Dear Tosatti, you will not believe me, but I am starting to be truly afraid. I have started to take up the prayer-exorcism to St. Michael the Archangel written by Leo XIII (which had always been said after Mass till 1964 when it was ‘inexplicably’ dropped) [That would have been under the pontificate of the Papa Buono, St. John XXIII. Why indeed was it dropped? I must remember to ask my parish priest at Holy Innocents if he would like to restore it after the traditional Mass.]

I ask myself if I shall have the strength to act against all this without the assistance of my Holy Roman Catholic and Apostolic Church whose leadership I feel to be working against the Gospels and the Truth in which I was raised. The cardinals and bishops who still believe in the Truth of Christ must do something now!

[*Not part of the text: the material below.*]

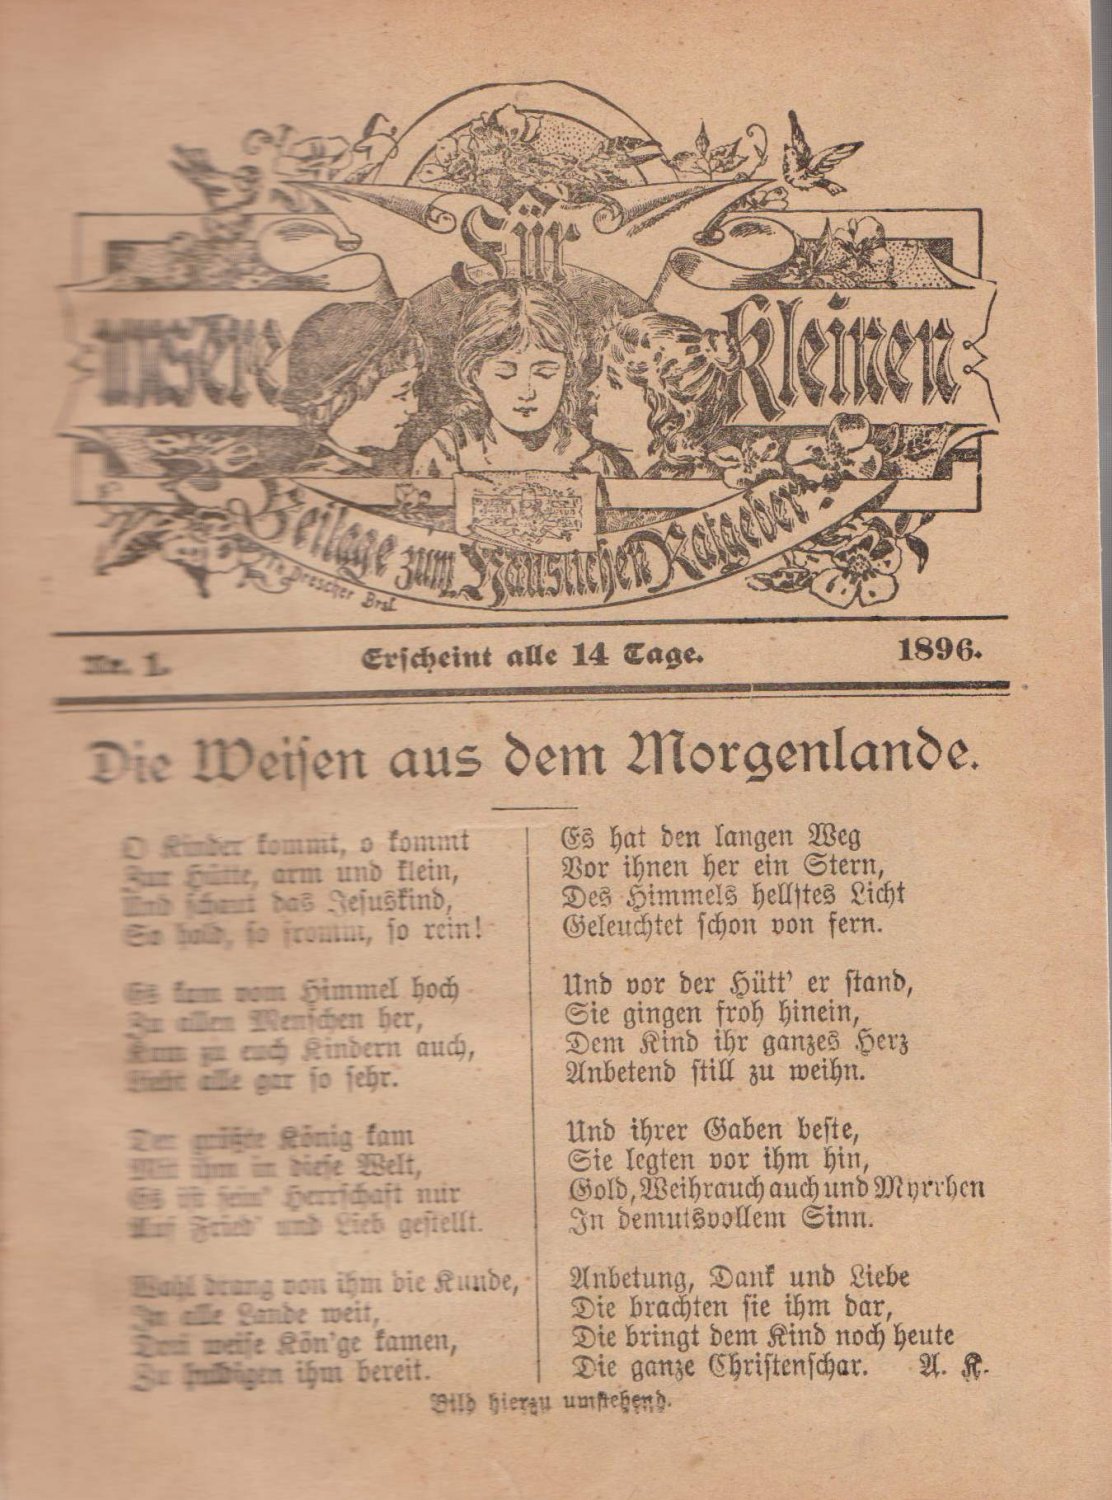   Für unsere Kleinen. Beilage zum Häuslichen Ratgeber. Erscheint alle 14 Tage. (Kinderzeitung). (1. - 10. Jahrgang 1891-1900).

I fear as if we are in the ‘end times’, dear Tosatti.

From a terrorized Pezzo Grosso


*From Wikipedia: The Grand Orient of Italy is an Italian masonic grand lodge founded in 1805 by the stepson of Napoleon Bonaparte. As of March 2012 the grand lodge had 21,400 adherents divided in 757 lodges. Although once a significant player within international freemasonry, since 1993 it has not been recognised by the United Grand Lodge of England (due to accusations of corruption and Mafia involvement), and it is not recognised by the Grand Orient of France, the oldest Masonic lodge in Europe (most American Grand Lodges continue to recognise it, however).

In 1925, Freemasonry was suppressed in Italy by Mussolini, but the Masons resumed activities after the Second World War. Propaganda-2, the lodge that investigative journalists identified as being implicated in the 1982 murder of banker Roberto Calvi [chairman of Banco Ambrosiano, whose major stockholder was the Vatican, and which was used by the Mafia for money-laundering; the bank crashed in 1982 and the Vatican had to pay out about $250 million to clients victimized by the crash], was originally chartered by the Grand Orient which revoked its charter in 1974. The Grand Orient revoked its charter in 1974.